The homeless populations that are relying upon Bloomington hotels for shelter during the coronavirus pandemic are expected to remain there through at least the end of the year, the Bloomington City Council has learned.
The long-term plans to address the challenges faced by homeless residents of the Twin Cities were among several topics discussed during the council’s Sept. 14 meeting. The discussion was prompted in part by resident concerns about the increase in pedestrian traffic and police calls as a result of some city hotels serving as shelters, providing social distancing during the pandemic that is often lacking in traditional shelter facilities .
Police Chief Jeff Potts detailed the service call volumes for hotels that are or were being used to shelter homeless populations. The Comfort Inn, which has generated the most service calls from March 1 through Sept. 9, had 493 calls. During the same period in 2019, the hotel generated 107 calls.
The second highest call volume came from Super 8, which had 371 calls from March through Sept. 9, nearly double its total in 2019.
The largest increase by percentage was at Holiday Inn Express at 94th Street and Interstate 35W. Its call total during the six-month span was 174, up from 26 during 2019. The Holiday Inn Airport generated 147 calls, about double the call volume during the previous year.
The Holiday Inns are under contract with Hennepin County, which is using the hotels primarily to house seniors who may have medical needs and are having difficulty finding affordable housing due to income limitations, according to Heather Worthington, the city’s interim community development director.
The service calls generated by the Holiday Inns have leveled off since the hotels were put to use as homeless shelters, according to Potts, but that has not been the case at other hotels. Potts was uncertain if organizations are continuing to use hotels such as Super 8 for homeless shelters, and noted that the police department is working with St. Stephen’s Human Services, the nonprofit organization overseeing the homeless residents at Comfort Inn, and the hotel’s management to address issues at the building.
Potts said that the police department has increased its presence around hotels where service calls have increased, has issued crime alerts to residents and businesses where necessary, has set up portable camera systems to deter crime in areas and initiates community engagement activities to deter crime, which is challenging due to the in-person restrictions during the pandemic.

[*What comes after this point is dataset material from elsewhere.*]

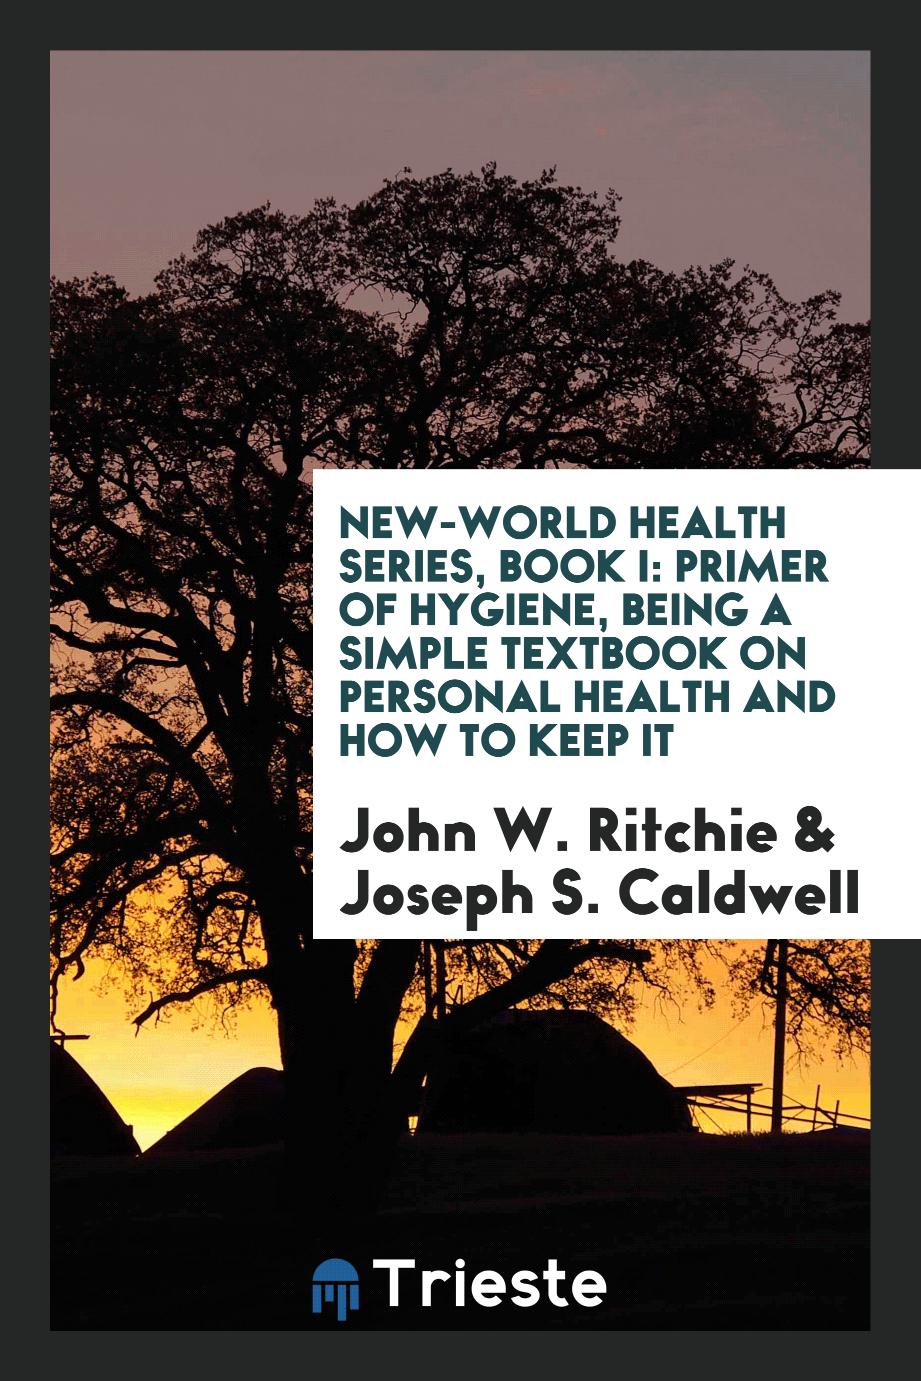 New-World Health Series, Book I: Primer of Hygiene, Being a Simple Textbook on Personal Health and How to Keep It

The hotels provide the rooms through long-term contracts, according to City Manager Jamie Verbrugge. The contracts are similar to agreements hotels make with airlines that require ongoing accommodations for their staff. The city does not collect lodging taxes on those rooms, and does not control the ability of hotels to enter into such contracts, he noted.
Hotels have different land use approvals, however, and hotels intended for extended stays tend to have an approval for such use by the city. Not all hotels contracting long-term room leases have that land approval, according to Verbrugge, but the contracts are occurring during extraordinary circumstances during which the governor has asked cities to provide regulatory flexibility.

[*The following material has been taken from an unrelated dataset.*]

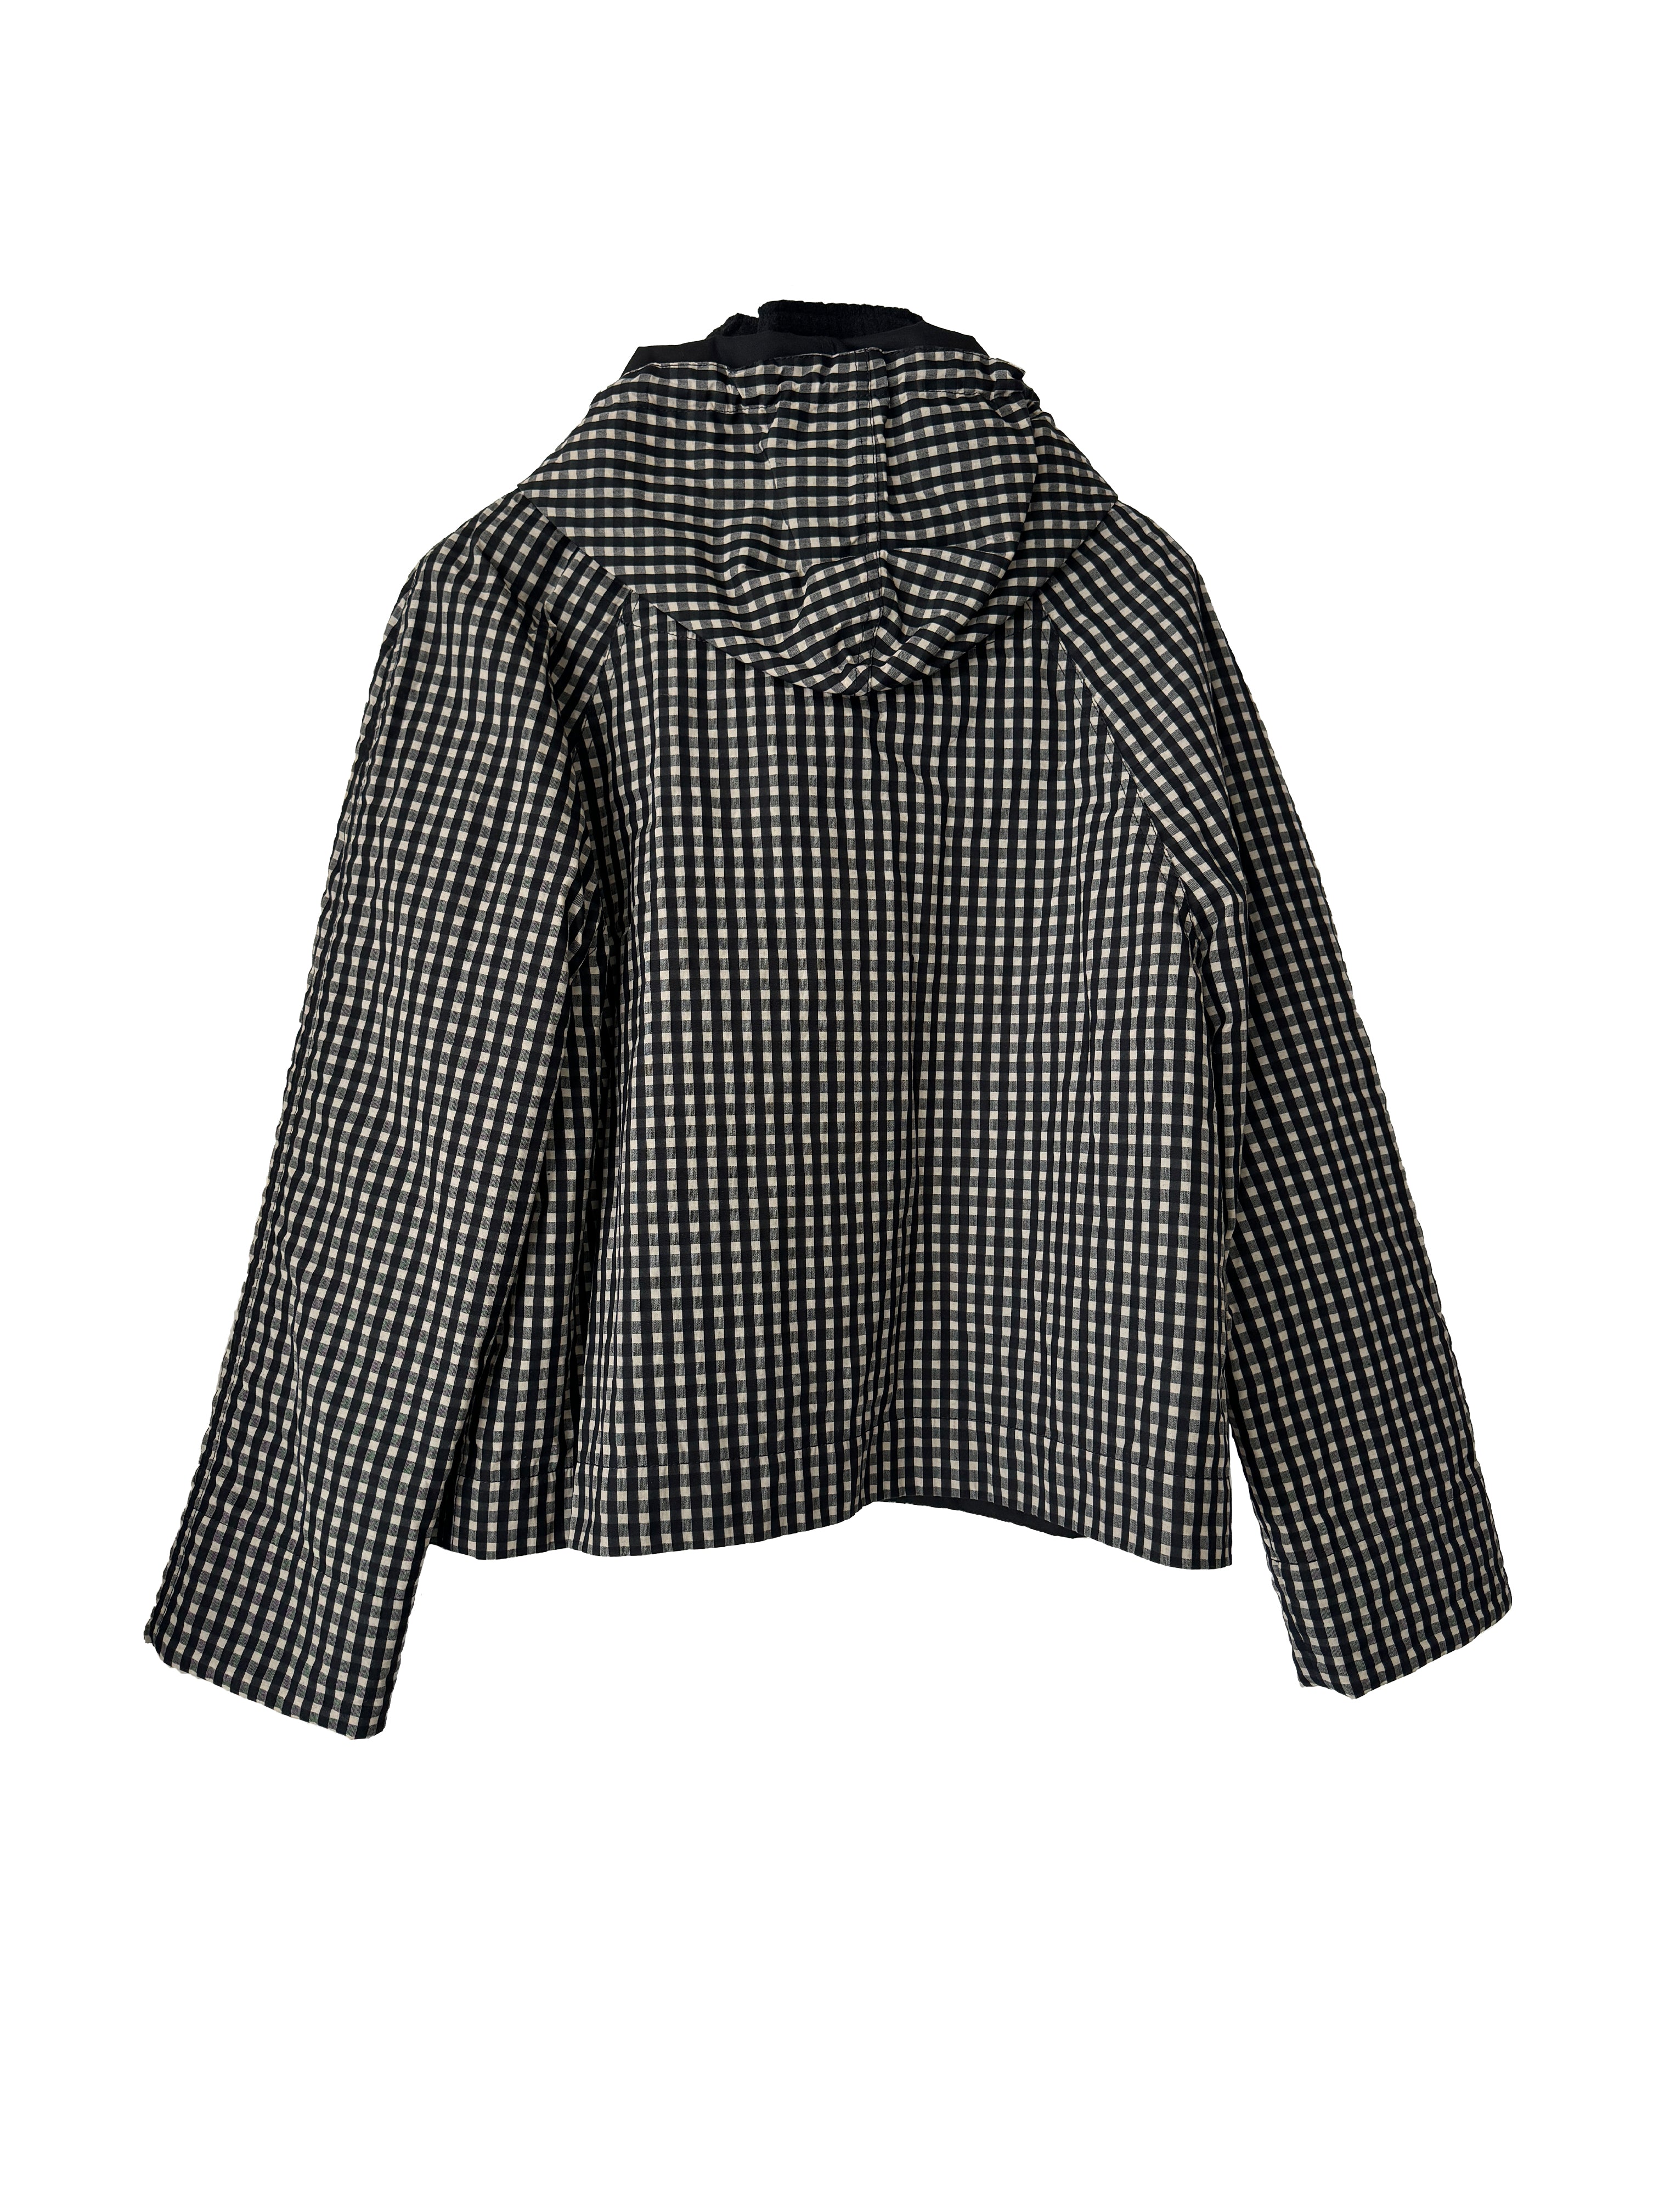 BARIA TWO IN ONE JACKET CHECK

Hotels being granted the flexibility are not managing that flexibility as well as they should be, Verbrugge said, but the police department’s work with the hotels has improved the situation, he explained.
The city has no involvement in the contracts, but the county informed the city that it was negotiating with Bloomington hotels to provide shelter alternatives. The city was not informed of other agreements that have been made, according to Verbrugge.

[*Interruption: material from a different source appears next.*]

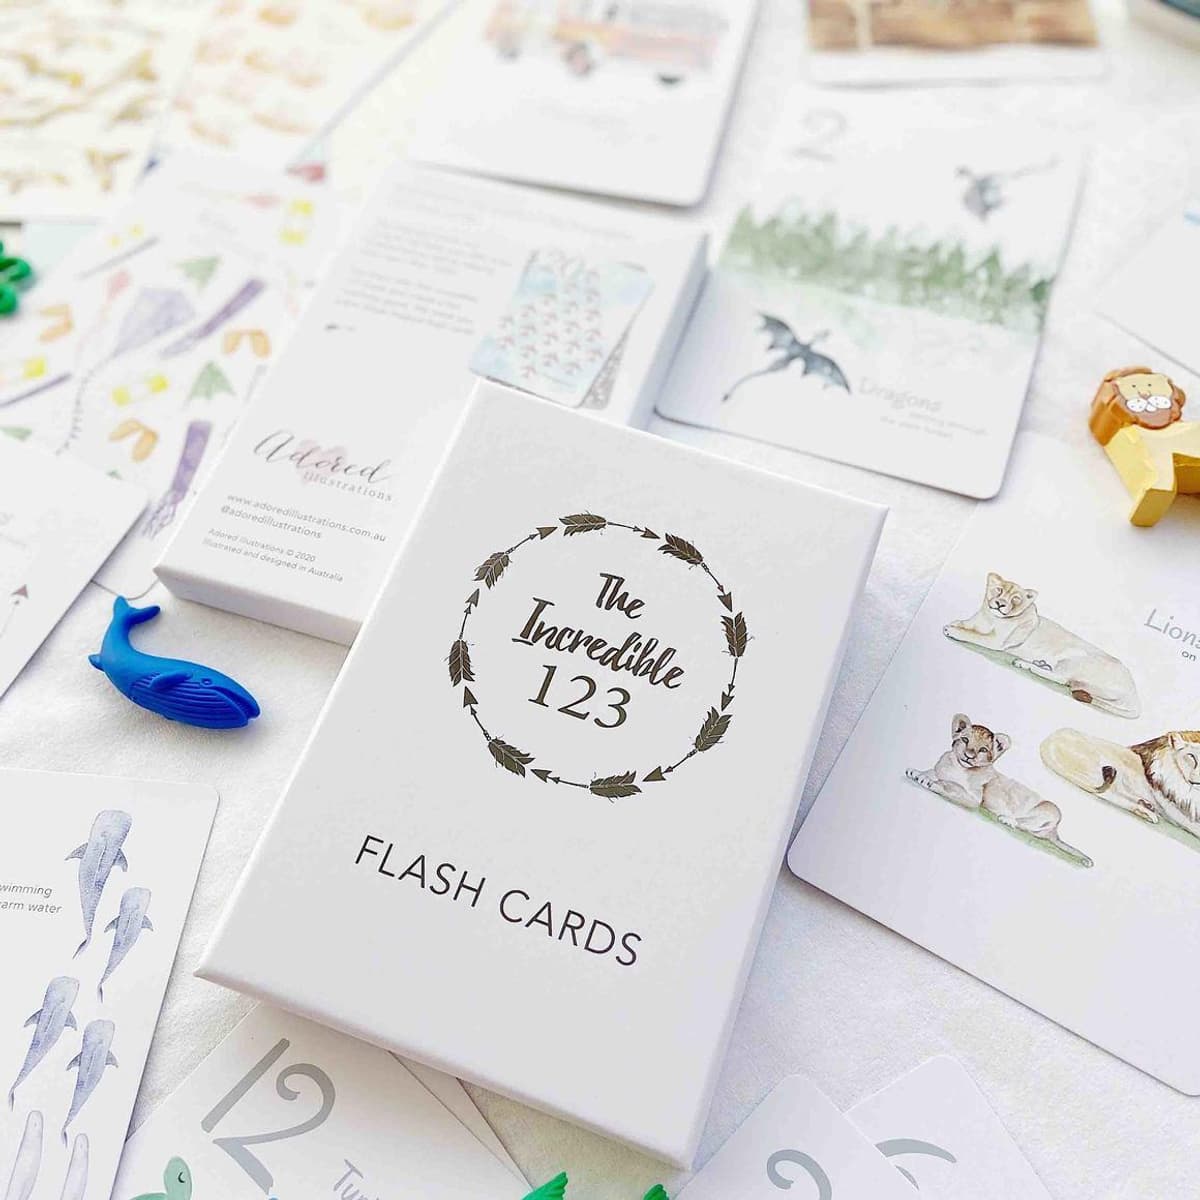 The Incredible 123 Flashcards

Homeless residents seeking shelter in Bloomington hotels are not always affiliated with the county or a nonprofit organization, Worthington noted. Living options are limited for low-income renters, and the least expensive apartment in Bloomington rents for approximately $850, she said. Reduced rates at hotels because of the downturn in travel since the onset of the pandemic have resulted in rates as low as $20 per night, she said.
The police department’s crime prevention division has worked with hotels offering low room rates to improve the accountability of both the hotels and those renting rooms. Improvements to the registration process and prohibiting cash payments for room rentals were two examples Potts cited.
The police department has maintained its ability to serve and respond to calls around the city despite the increase in calls related to hotels, but the call volume has been taxing on the department, Potts noted.
Indications from both the county and St. Stephen’s Human Services are that they are planning to continue to use Bloomington hotels through the end of the year as they look for long-term solutions. Councilmember Jenna Carter said that Bloomington is dealing with an acute problem, but the underlying issues are longstanding and need to be addressed by the county and state. The city’s concern should not be simply pushing the problem elsewhere, she explained.
Councilmember Jack Baloga suggested that homelessness would be worse at the end of the year with the onset of winter. Worthington said that as the county and St. Stephen’s look toward solutions for the homeless population, they may need an interim plan to get through the winter.
Video of the council’s discussion is available online at tr.im/91420.